Both parties also discussed the ‘urgency’ (“Dringlichkeit”) of the application for a preliminary injunction. This was surprising, because Rule 211(4) RoP is concerned with an unreasonable delay, not an assessment of the application’s urgency. The aspect of ‘urgency’ matters in relation to the court’s examination of the application under Rule 209 RoP, for example giving the standing judge the discretion to decide “immediately” on the application for provisional measures in cases of “extreme urgency” (Rule 209(3) RoP).
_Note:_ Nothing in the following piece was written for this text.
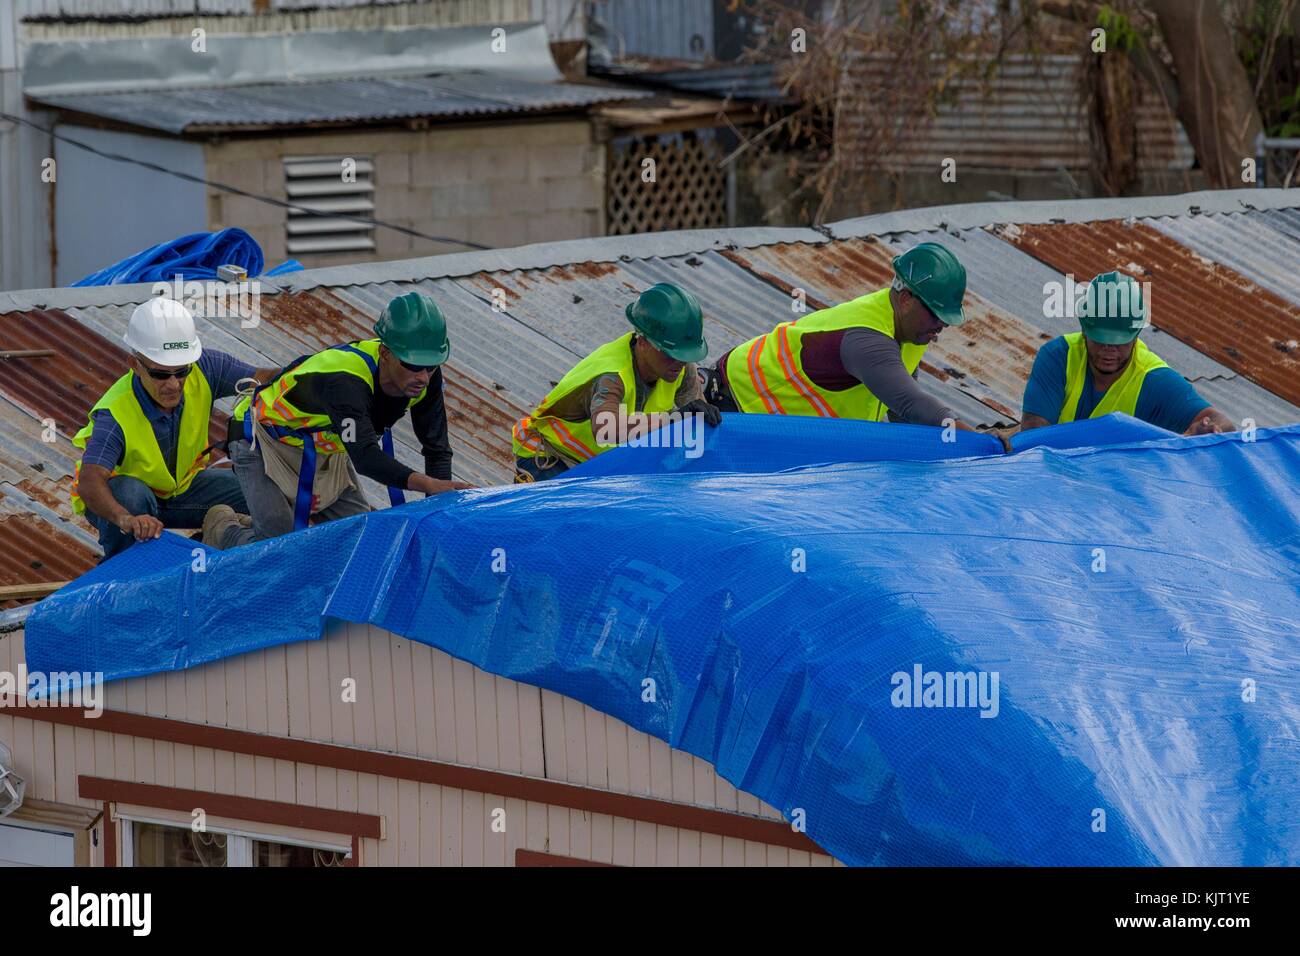 U.S. Army soldiers replaced damaged roofs with blue plastic tarps during relief efforts in the aftermath of Hurricane Maria October 28, 2017 in Ponce, Puerto Rico. (photo by Avery Cunningham via Planetpix) Stock Photo

However, Rule 211 RoP regarding an order on the application for provisional measures does not mention ‘urgency’ – the criterion in Rule 211(4) RoP is one of ‘unreasonable delay’.
Do PI proceedings have to be based on the claims as granted?
At the hearing, the applicants relied not on the patent as granted but on an amended claim 1 which was said to be narrower than a claim preliminary held to be novel by the German Federal Patent Court. The defendants referred to their admissibility arguments submitted at the last hearing, i.e. that according to the UPCA and the court’s Rules of Procedure, the subject of proceedings for a preliminary injunction could be only the patent as granted, but the patent as granted lacked novelty in the German Federal Patent Court’s preliminary opinion. The defendants also pointed in particular to French law and practice prohibiting provisional measures based on amended claims; however, the court briefly noted that this practice was possible in German proceedings. The defendants then argued that the claim amendments introduced by the applicants added matter, and briefly referred back to inventive step arguments provided at the hearing two weeks ago. The applicants also referenced their arguments from the parallel hearing two weeks ago. The court’s decision to grant the PI for EP 4108782 based on amended claims would suggest that the UPC Munich local division favours following the German approach.
The court’s decision
The court will announce its decision regarding yesterday’s proceedings in relation to EP 2794928 on 10th October 2023.